Published in Housing Wire
I was in the audience at Central High School in Phoenix, AZ, last week where President Obama announced that the Federal Housing Administration will reduce the price of its mortgage insurance by 0.50 percent and help more Americans realize their dreams of homeownership.
The news was met with cheers and applause from the auditorium filled with residents of a city hit hard by the housing crisis and Great Recession.
I joined in with their excitement because I know that the policy will help normalize the national housing market and make it easier for first-time and underserved borrowers to buy homes while protecting taxpayers from the risky lending practices that led to the crash.
REALTORS® support responsible lending to qualified buyers; this is essential for building strong communities.
This mortgage insurance reduction is not about repeating the mistakes of the past, in which underqualified buyers received loans they could never repay. This 0.5% reduction is a good balance – it is the right policy at the right time.
The FHA’s mortgage insurance premiums had become so expensive that last year alone, roughly 234,000 creditworthy borrowers were priced out of the market. Thankfully, the Administration recognized the short-sightedness of shutting these buyers out and will lower the fees without putting its funds at risk.
Economists at the National Association of REALTORS® estimate that the fee reduction will price in an additional 1.6 million to 2.1 million renters along with many trade-up buyers, resulting in 90,000 to 140,000 additional annual home purchases based on the standard affordability limits at the FHA and conventional market and dynamics in the housing finance market.

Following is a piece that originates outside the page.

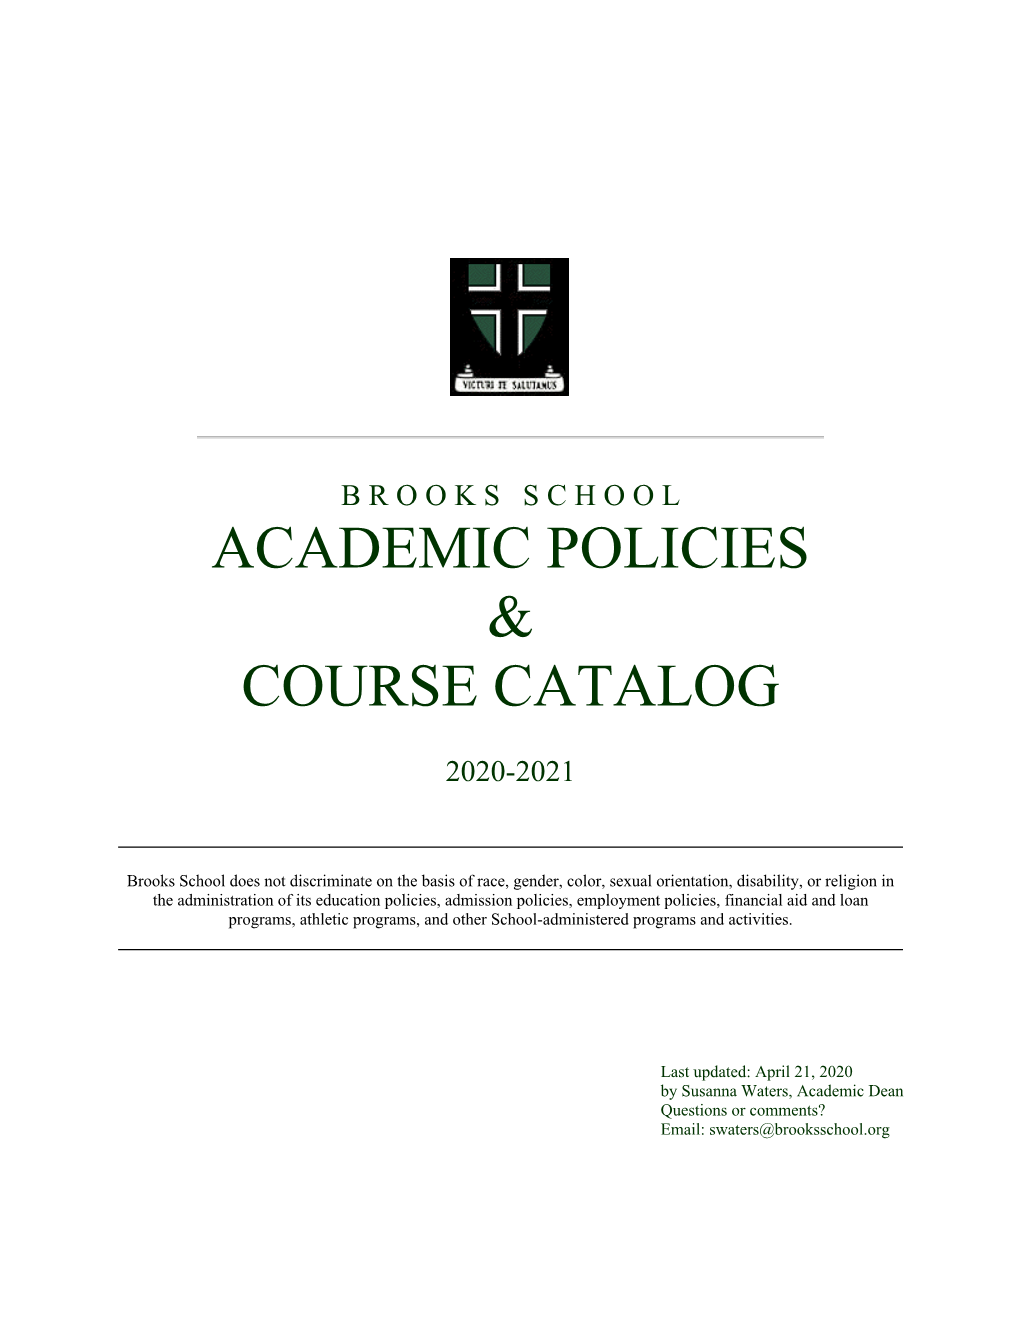 Academic Policies & Course Catalog

More affordable FHA loans will have a positive impact on first-time buyers who have been entering the market at a lower than normal rate. Over the past four years, as the fees increased, the percent share of first-time buyers using FHA-backed loans shrank from 56% to 39%.
The increase in the volume of borrowers who acquire FHA loans as a result of the fee reduction will ultimately strengthen the FHA, the agency that has insured more than 37 million home loans since its inception in 1934. NAR economist Ken Fears writes in a recent blog post that, “By modestly reducing rates and expanding the pool of borrowers, the FHA is still on trajectory to meet its capital requirement over a modestly longer horizon, while reducing the amount that it charges borrowers beyond the cost of the program.”
Fears concludes in his blog post that:
The FHA’s proposed changes to its pricing for 2015 are good for consumers and the economy. It puts money back into consumers’ pockets, improves affordability for many borrowers, and unlocks the opportunity to purchase a home for tens of thousands, while preserving the stability of the FHA’s fund and protecting tax payers. Sluggish income growth, low inventories and nagging tight credit remain headwinds for the market, but this shift is an important bell weather of returning health for the market.
The President’s new policy is not the silver bullet solution that will automatically complete the housing recovery, but it’s an important step that will normalize the market.